- _WORK ITEM_: Pictures left aside, return the lines below exactly, from the one with "Karrot’s Sarah &" to the end, including both ends.

:: PROVIDED DATA

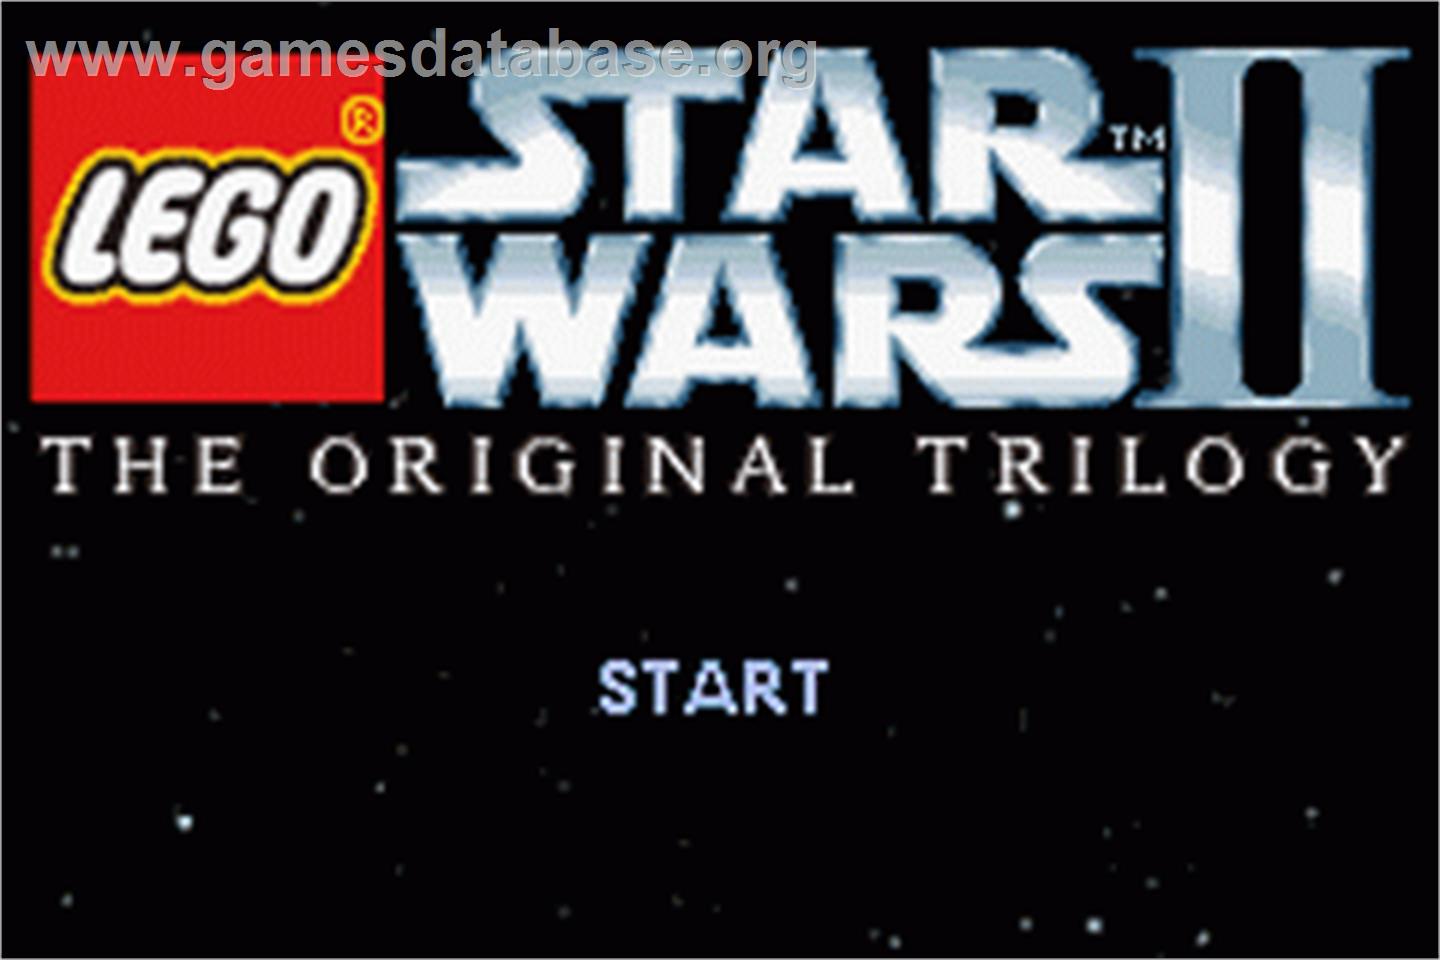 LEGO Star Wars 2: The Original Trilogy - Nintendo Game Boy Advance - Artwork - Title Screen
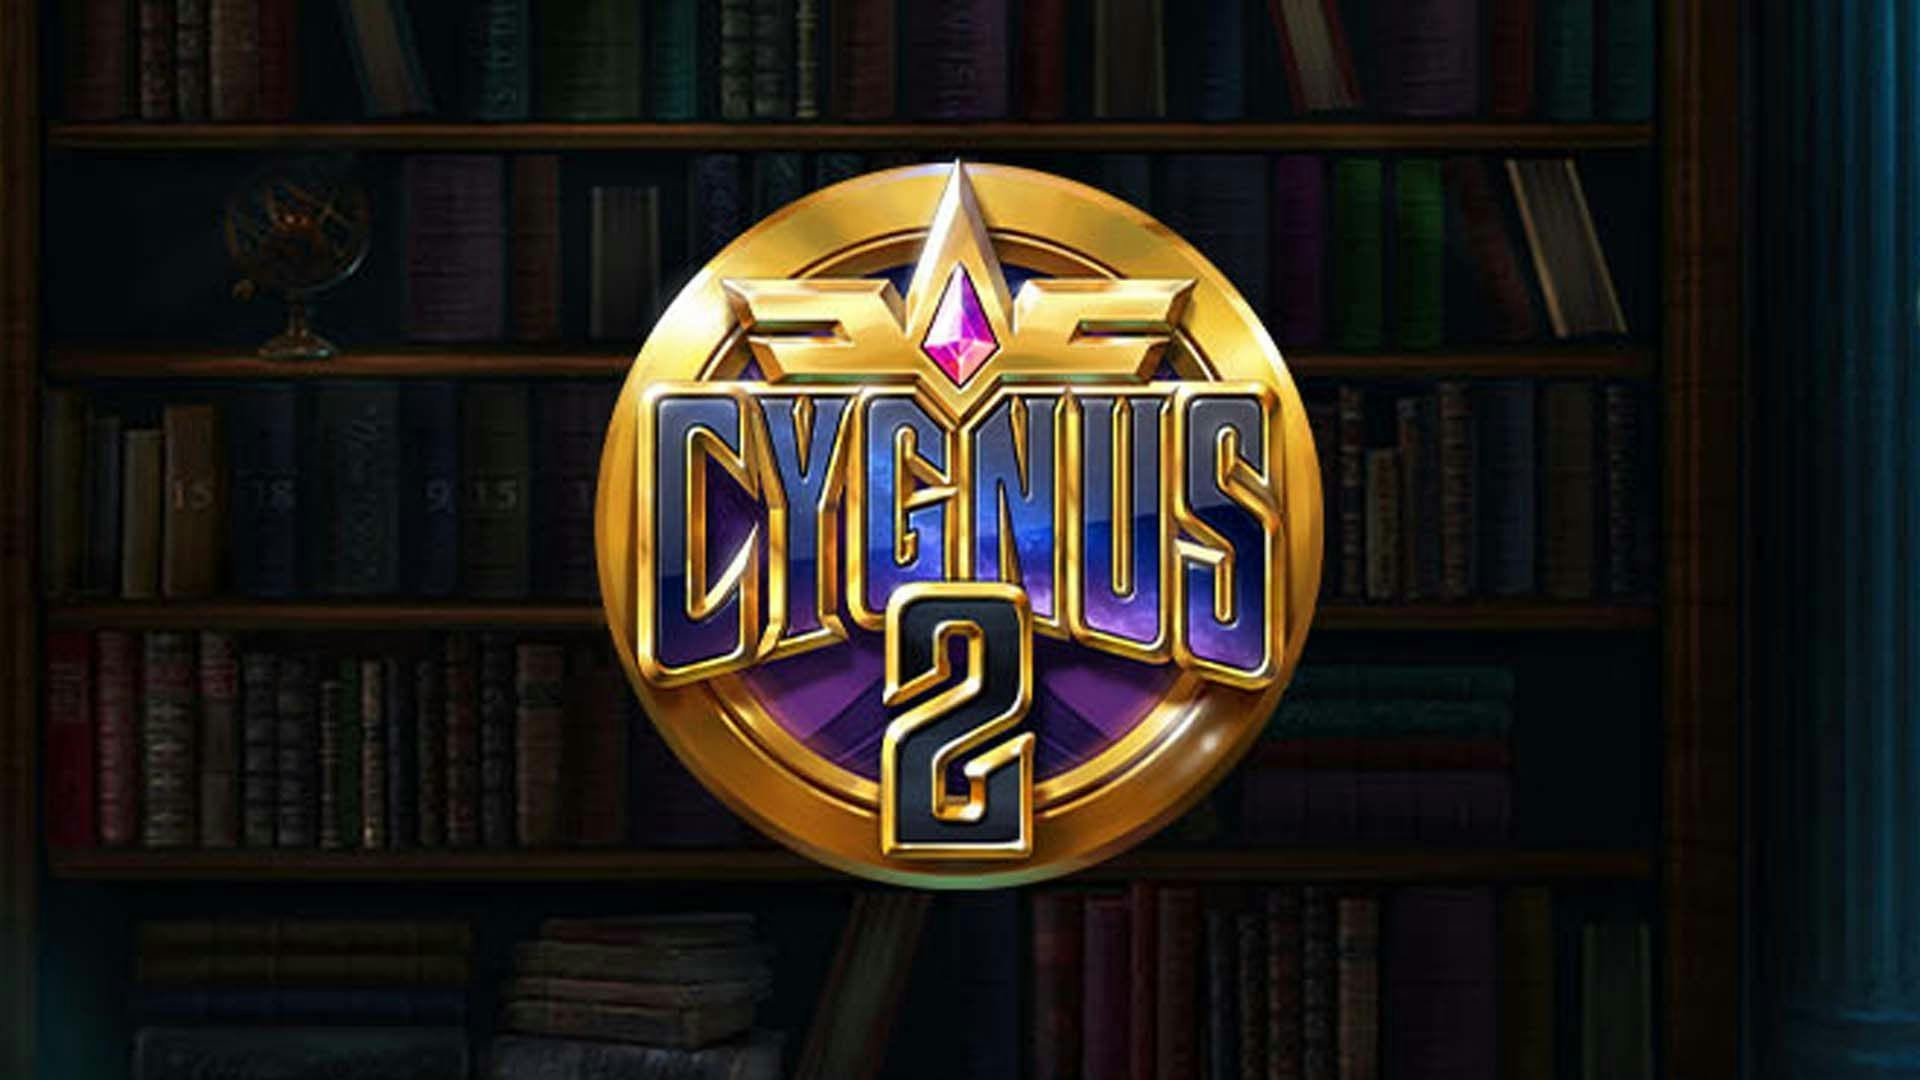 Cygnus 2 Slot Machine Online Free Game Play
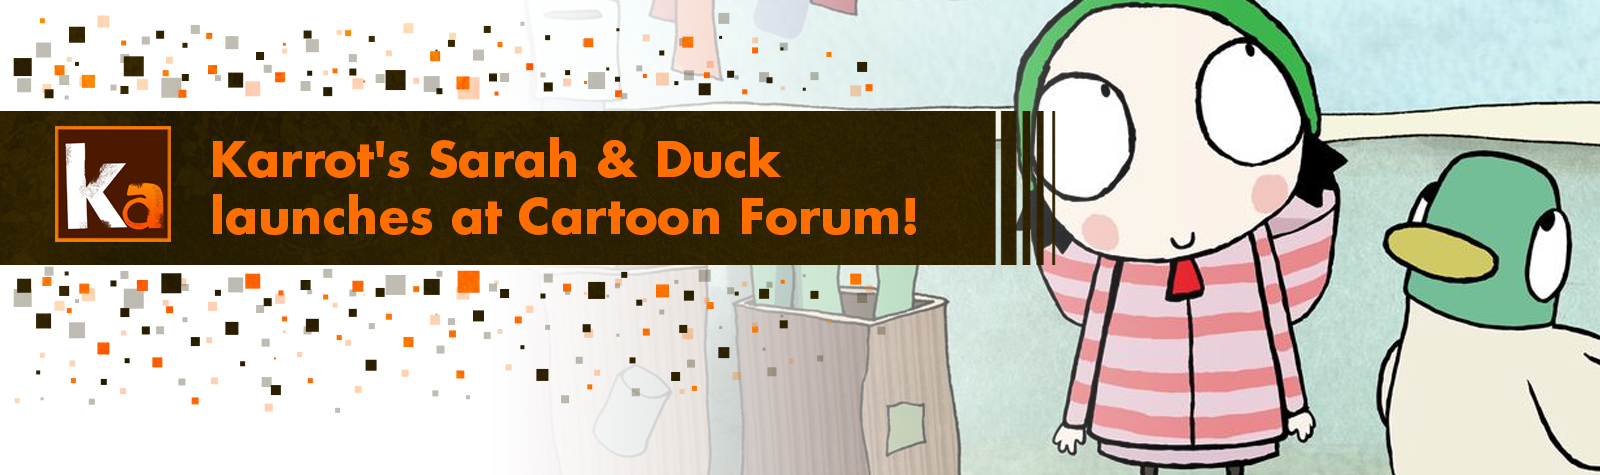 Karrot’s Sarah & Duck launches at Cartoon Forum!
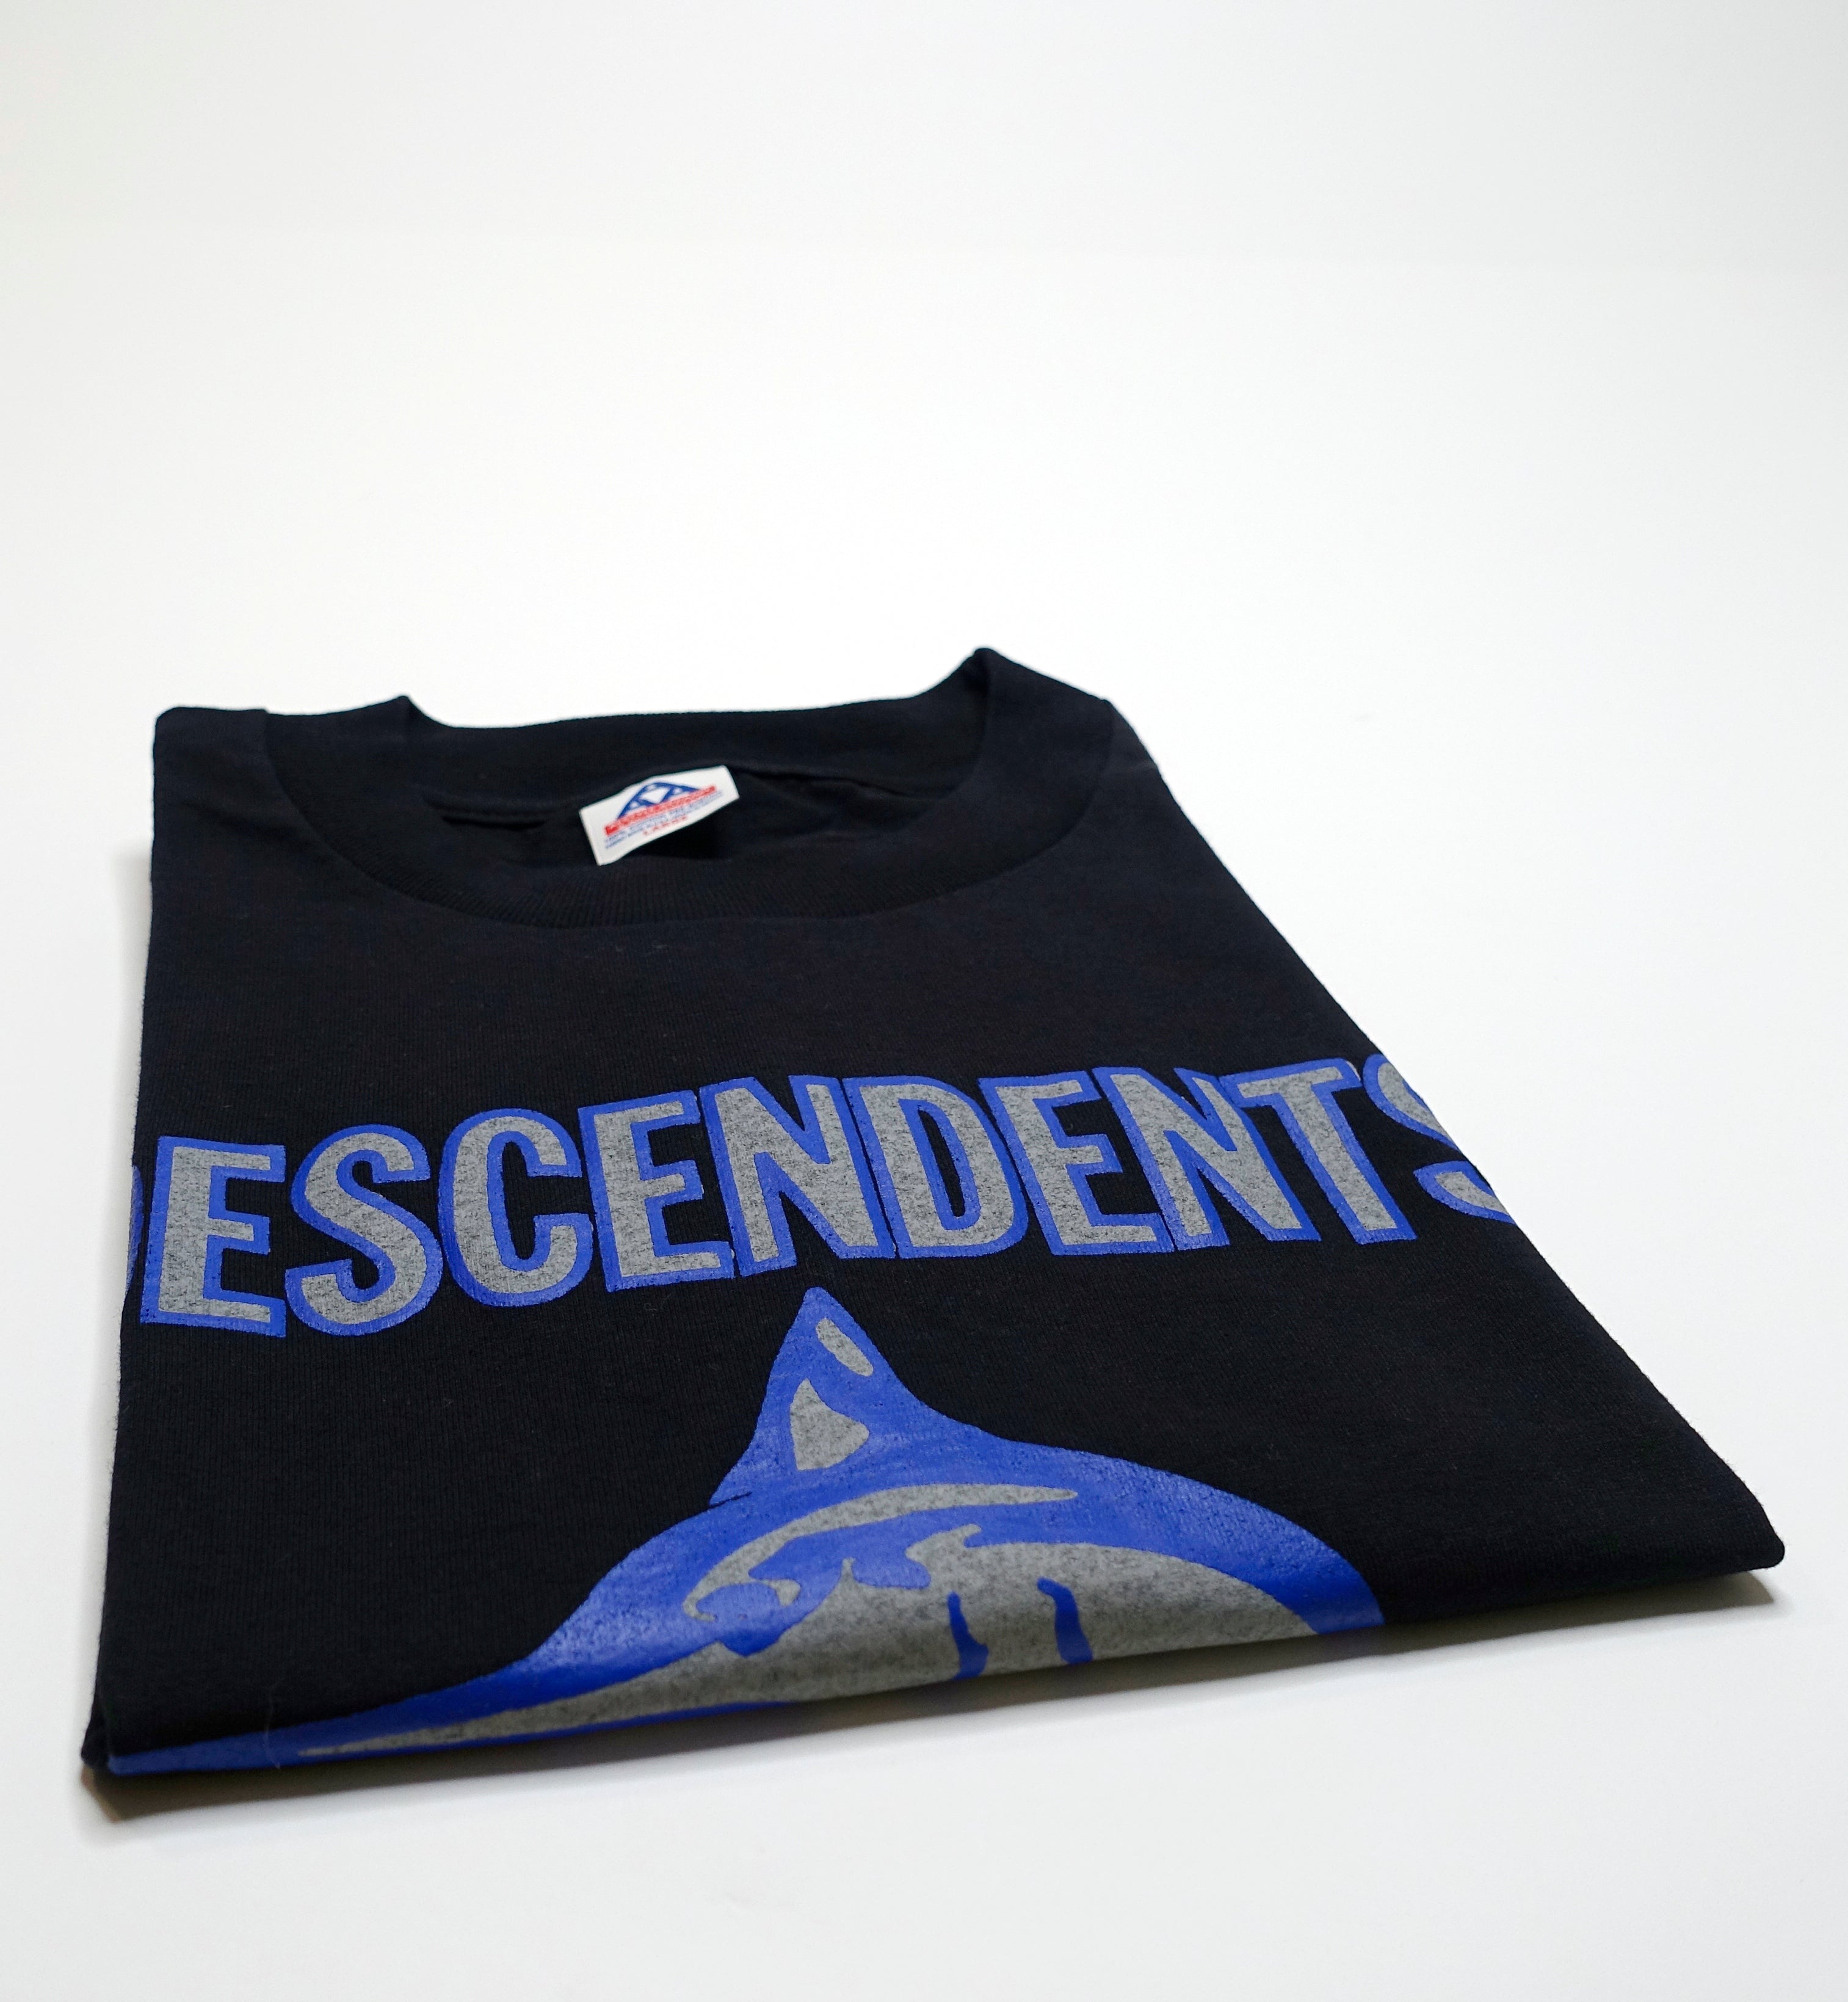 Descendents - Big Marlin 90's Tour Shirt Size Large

::::

- _TASK RESULT_:
 Karrot’s Sarah & Duck launches at Cartoon Forum!
 Descendents - Big Marlin 90's Tour Shirt Size Large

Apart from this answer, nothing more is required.